Caching API Responses in Cloudflare KV
This guide is part of KV and Durable Object Caching at the Edge. It walks through caching a slow or rate-limited upstream API response in Cloudflare Workers KV so that repeat requests are served from a globally replicated edge cache instead of hitting origin every time.
The problem
Your Worker proxies an upstream JSON API — a pricing service, a CMS, a third-party catalog. The upstream is slow (200–800 ms) or rate-limited (a fixed quota per minute). Every client request currently triggers a fresh upstream fetch, so you burn latency and quota on data that changes only every few minutes. You want to cache the response in the KV store keyed by request, serve it for a bounded TTL, and refresh on expiry.
Root cause: why not just use the Cache API?

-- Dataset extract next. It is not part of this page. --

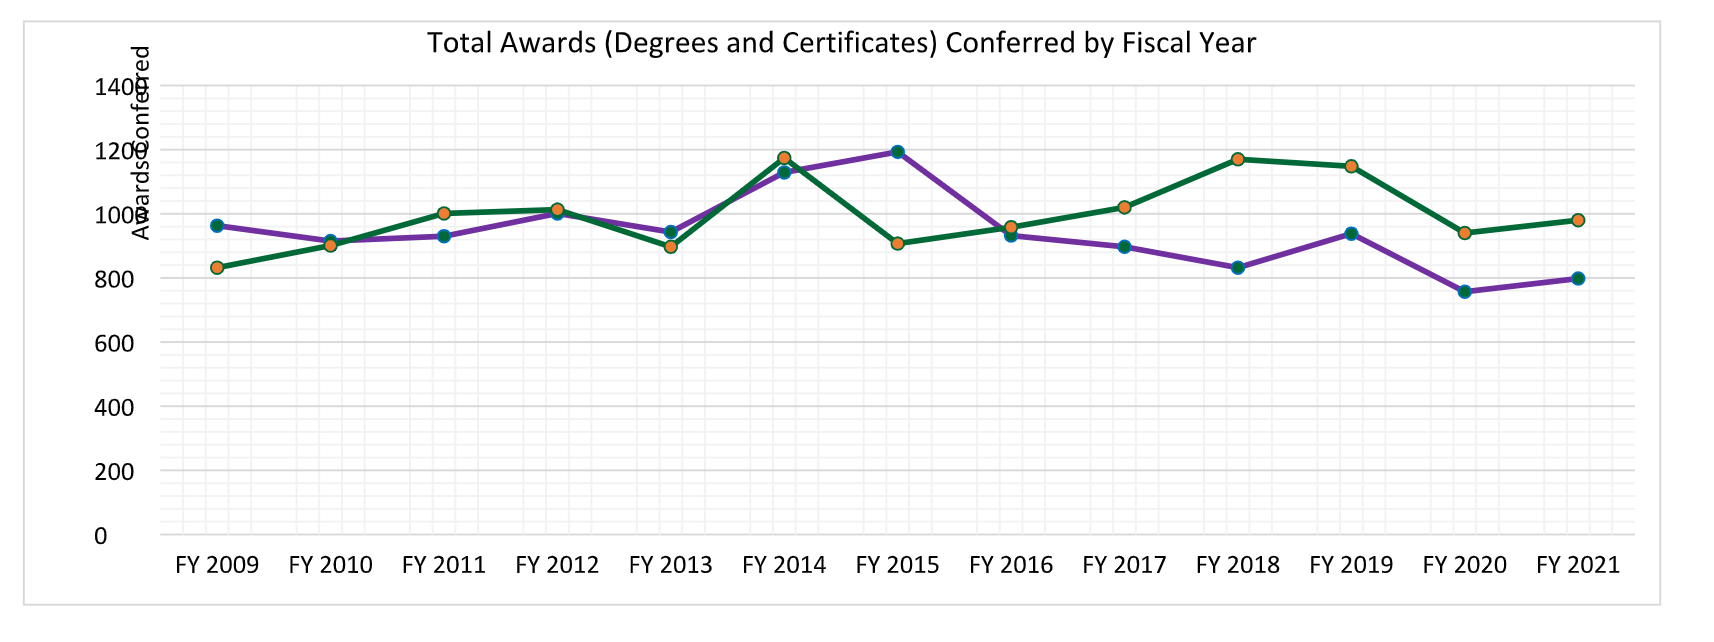 Total awards conferred by fiscal year graph

The Cache API (caches.default) is per-PoP. A response cached in Frankfurt is invisible in Singapore, so a globally distributed audience produces a low hit ratio — every cold colo re-fetches origin. KV is globally replicated: a value written once is readable from every PoP within roughly 60 seconds. For an upstream that is expensive or quota-limited, KV’s global reach is what protects origin. The trade-off is KV’s eventual consistency — a freshly written value is not guaranteed to be visible immediately everywhere, and KV rate-limits writes to about one per second per key. Both constraints shape the steps below.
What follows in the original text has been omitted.